Закончить фразу ему не удалось — дверь распахнулась, и в комнату деловито вошли двое. Рослый молодчик в громадных, как ласты, кроссовках сразу же перекрыл выход, второй — с волосами, как овсяная солома, и шелушащейся кожей альбиноса, — оттолкнул Еву, схватил старика за руку и рванул на себя, выдергивая из-под одеяла.

Интролигатор глухо охнул, и в ту же секунду Ева прыгнула на спину блондину и запустила ногти в его тощую шею. Дуболом в ластах немедленно отшвырнул ее к стене, а белесый оставил Петра Переплетчика, схватился за загривок и с изумлением уставился на замаранную кровью ладонь.

От удара комната поплыла у Евы перед глазами, но она все-таки нашла в себе силы закричать:

— Не трогайте его! Не смейте к нему прикасаться! Он давно не в своем уме, даже по-русски не говорит — только по-латыни. Это я, я знаю все, что вам нужно!.. 

6

«Дорогой мой, мне кажется, то есть я уже совсем уверена — у нас с тобой будет бамбино!..»

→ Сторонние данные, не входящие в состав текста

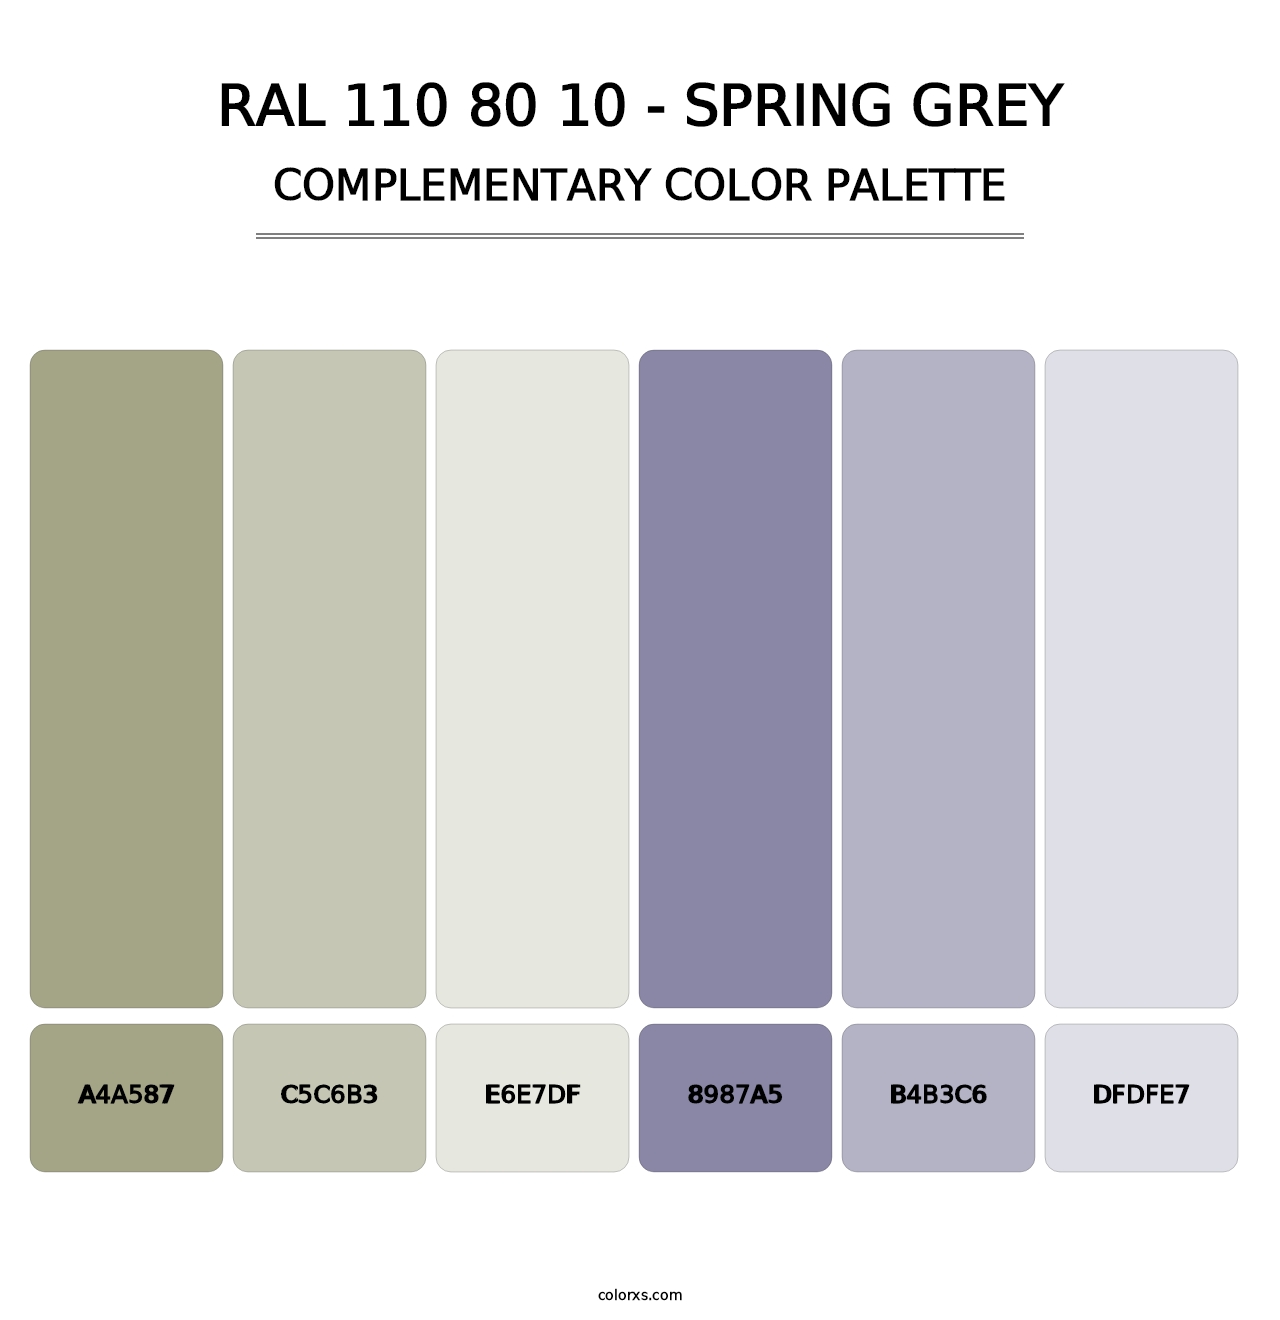 RAL 110 80 10 - Spring Grey - Complementary Color Palette

Пришлось трижды перечитать фразу, прежде чем до меня дошел ее смысл. Когда я очнулся от короткого полубезумия, в которое впадает человек при неожиданных потрясениях, в голове у меня смешались Галчинский, Анна, явившийся из небытия Интролигатор, церковь «Свет Истины» и ее лидер, но поверх этого хаоса настойчиво пульсировала одна мысль: Ева!

Я попытался связать факты — и волосы у меня на макушке зашевелились.

«Эдем», — пробормотал я, изо всех сил стараясь припомнить, где и в какой связи мне приходилось слышать это название еще до того, как его произнес Галчинский, но так и не припомнил.

Все дальнейшее походило на уличный квест, и впервые в жизни я пожалел, что так и не обзавелся машиной.

Тем не менее уже через час я был в Малой Филипповке. Поселок лежал в глубокой лощине, окруженной пологими холмами, поросшими сосняком. В центре, у автостанции, вокруг которой сгрудились мелкие магазинчики, таксист притормозил, чтобы спросить дорогу. Пара девчонок лет пятнадцати, разряженных по случаю воскресенья в розовые штанишки со стекляшками и сапоги садо-мазо со стальными шпильками, хихикая, переспросили: «В богадельню?» — и указали на противоположную сторону мутного пруда.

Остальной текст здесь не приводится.